ASU No. 2014-01, Investments – Equity Method and Joint Ventures (Topic 323): Accounting for Investments in Qualified Affordable
Housing Projects was issued on January 15, 2014. Provided certain conditions are met, this standard permits entities to account for
investments in qualified affordable housing projects using the proportional amortization method, which results in amortizing the initial cost
of the investment in proportion to the tax credits and other tax benefits received, and recognizing the net investment performance in the
income statement as a component of income tax expense. Additionally, the standard requires new disclosures about all investments in
qualified affordable housing projects irrespective of the methodusedtoaccountfortheinvestments.Thestandard,whichistobe
retrospectively applied, is effective January 1, 2015, and if adopted is not expected to have a material impact on the Company’s financial
position or results of operations upon adoption.
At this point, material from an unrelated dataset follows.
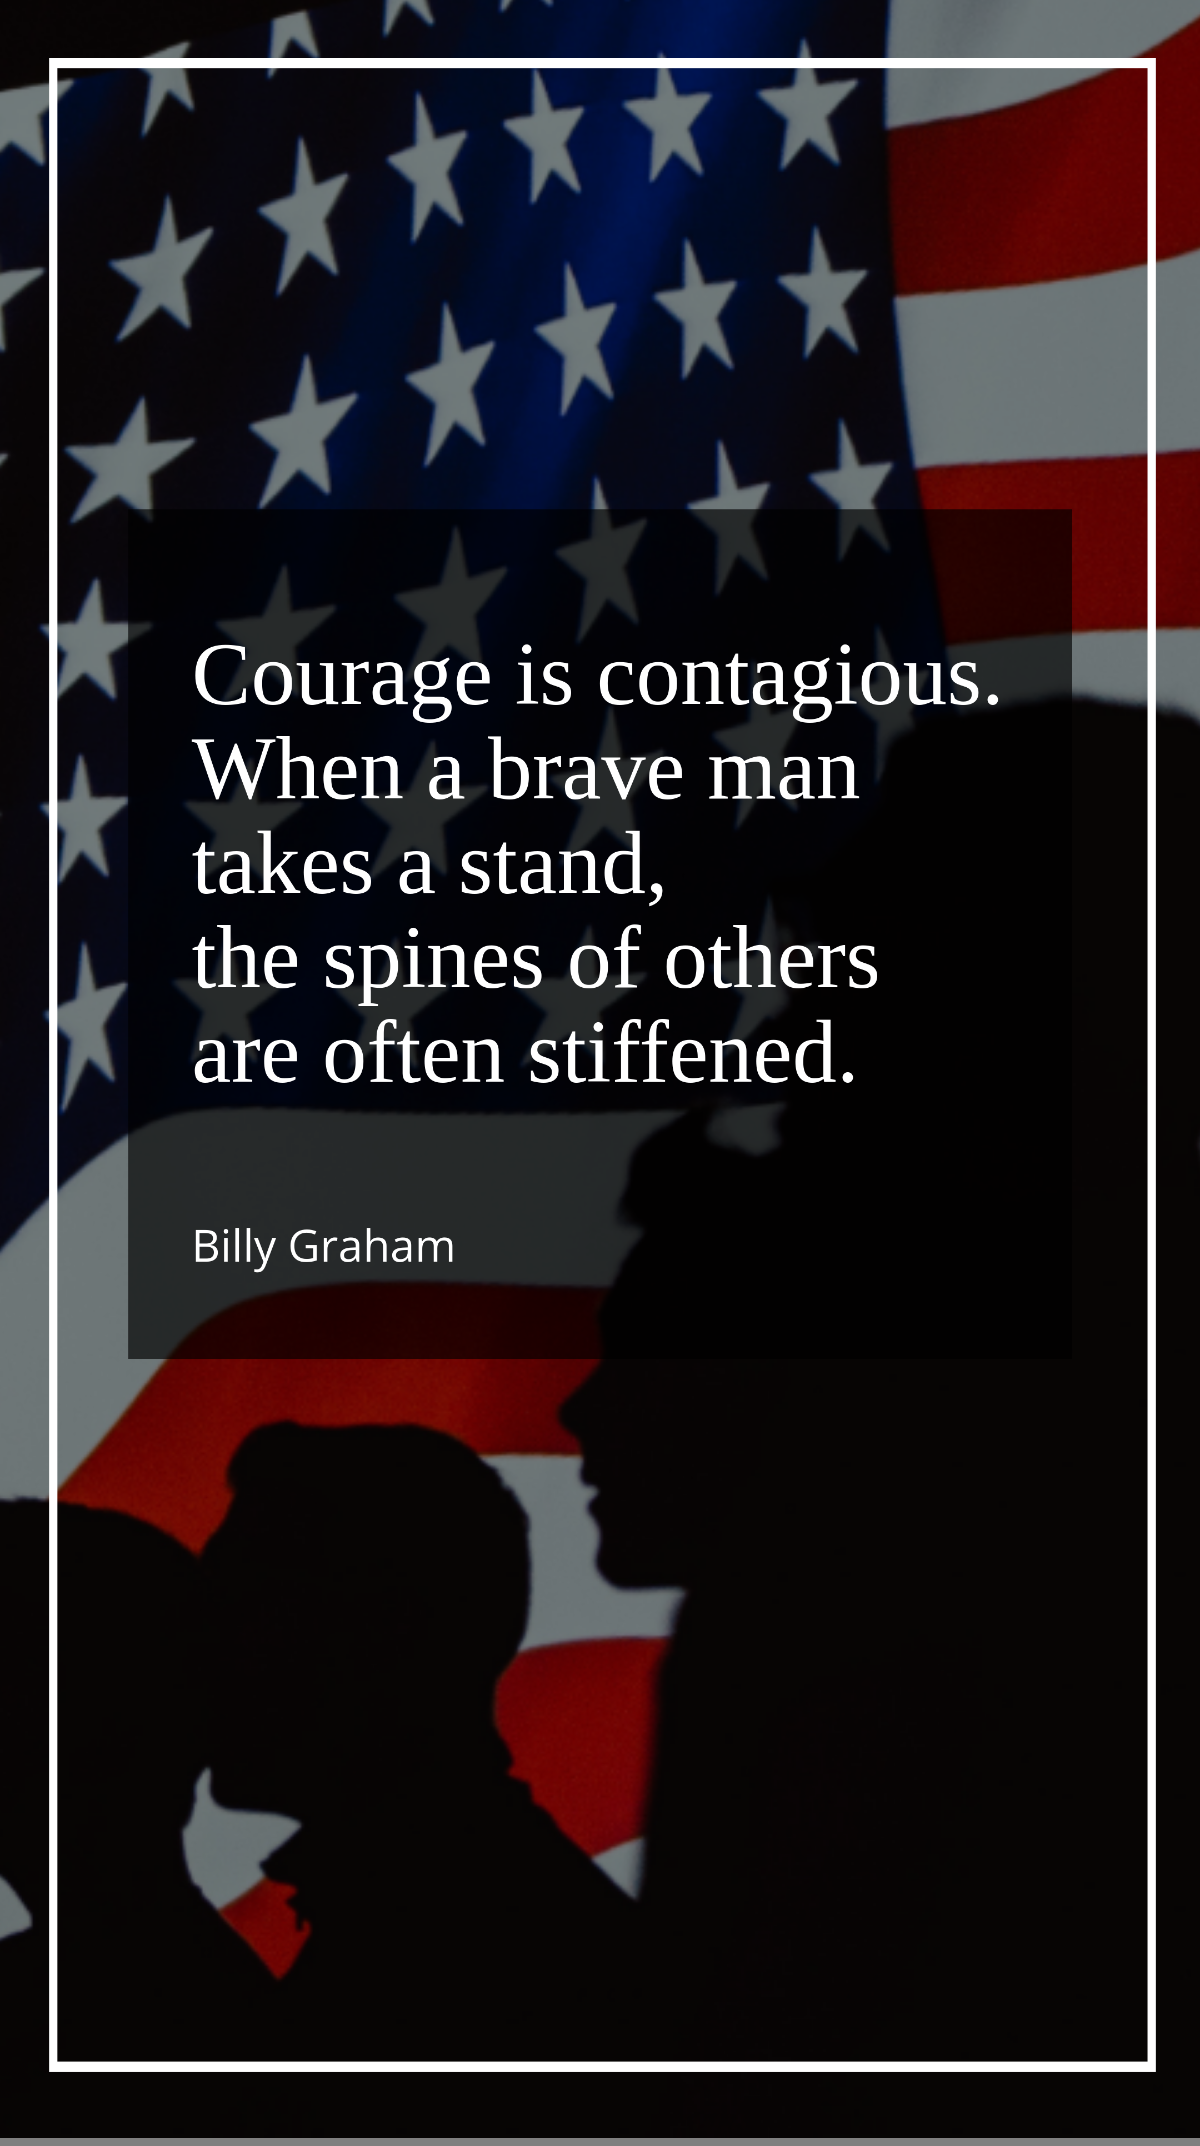 Free  Billy Graham - Courage is contagious. When a brave man takes a stand, the spines of others are often stiffened. Template
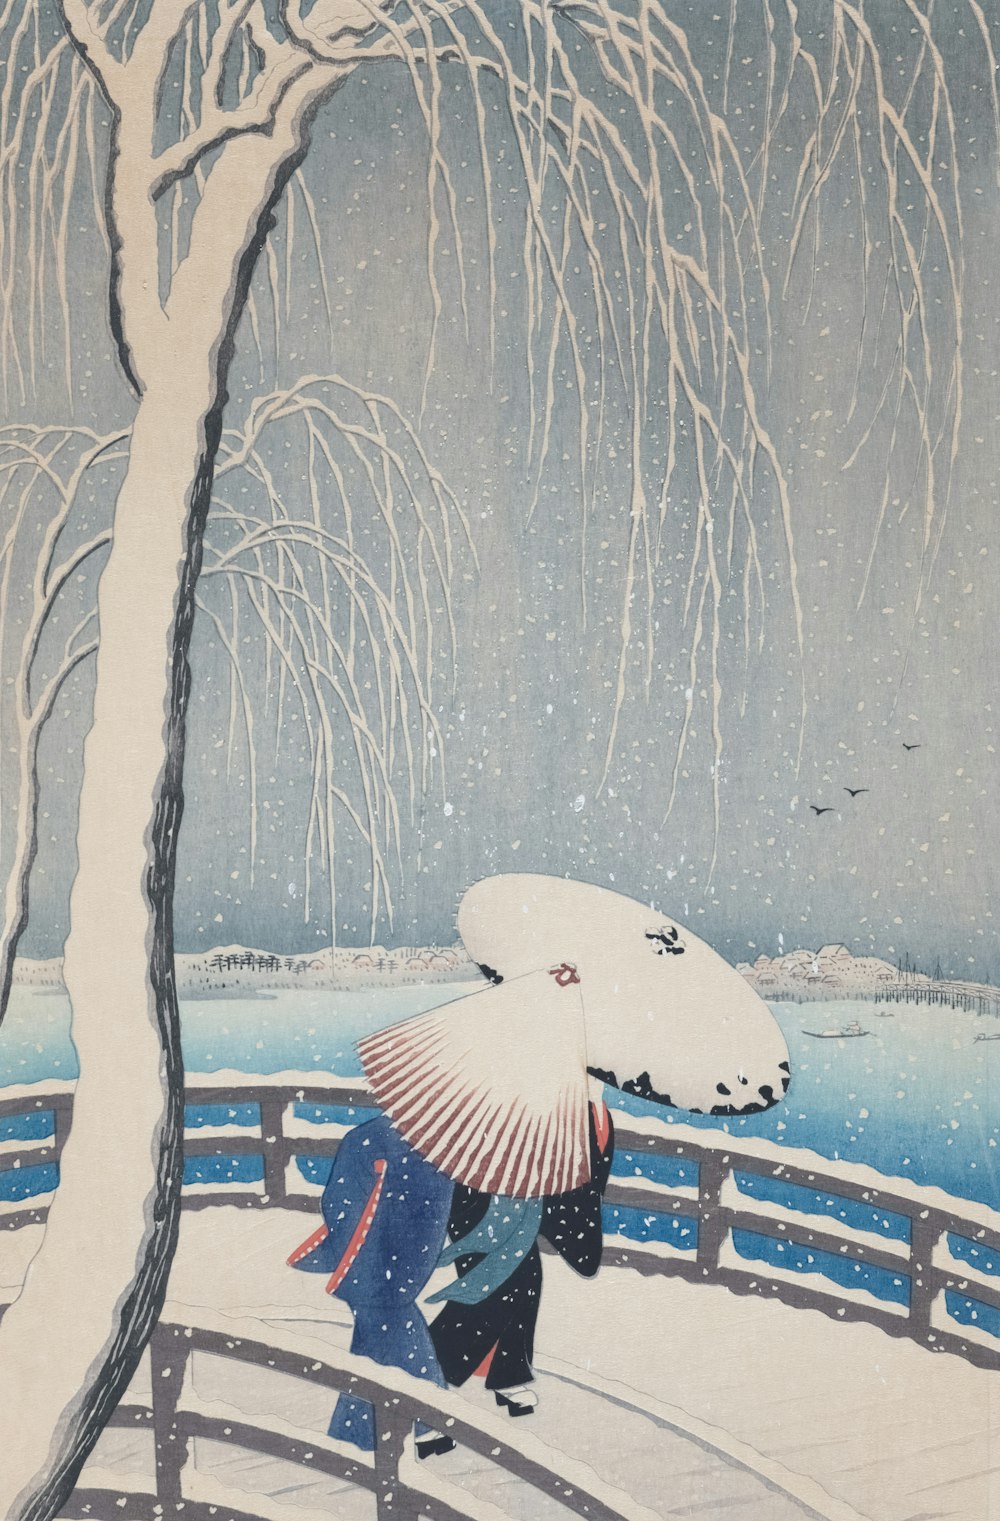 a painting of a woman holding an umbrella in the snow

CLASSIFICATION OF VARIOUS ITEMS
Certain reclassifications of prior period amounts have been made to conform to the current period presentation. These reclassifications did
not have a material impact on the Company’s financial position, results of operations or cash flows.
NOTE 2
ACQUISITIONS AND DIVESTITURES
GLOBAL BUSINESS TRAVEL
On June 30, 2014, the Company completed a transaction to establish a non-consolidated joint venture, GBT JV, comprising the former
Global Business Travel (GBT) operations of the Company and an external cash investment. Historically, the Company reported the GBT
operations within the Global Commercial Services (GCS) segment. The Company has retained a 50 percent ownership interest in the GBT JV
with an estimated fair value of that interest of approximately $900 million, which is accounted for as an equity method investment effective
June 30, 2014 and reported in other assets within the Consolidated Balance Sheet. In exchange for a cash contribution of $900 million paid
into the GBT JV, an unrelated investor group holds the remaining 50 percent ownership interest. The investor group’s cash contribution
provides the primary basis for the Company’s determination of the estimated fair value of its 50 percent ownership interest at June 30, 2014.
As a result of this transaction, the Company deconsolidated the GBT net assets and for the year ended December 31, 2014, recognized a
net gain of $630 million ($412 million after-tax), as a reduction to other expense. The Company recognized $626 million ($409 million after-
tax) in the second quarter and subsequently recognized the remaining closing-related amounts in the third and fourth quarters. Prior to the
deconsolidation, the carrying amount of GBT’s assets and liabilities were not material to the Company’s financial position.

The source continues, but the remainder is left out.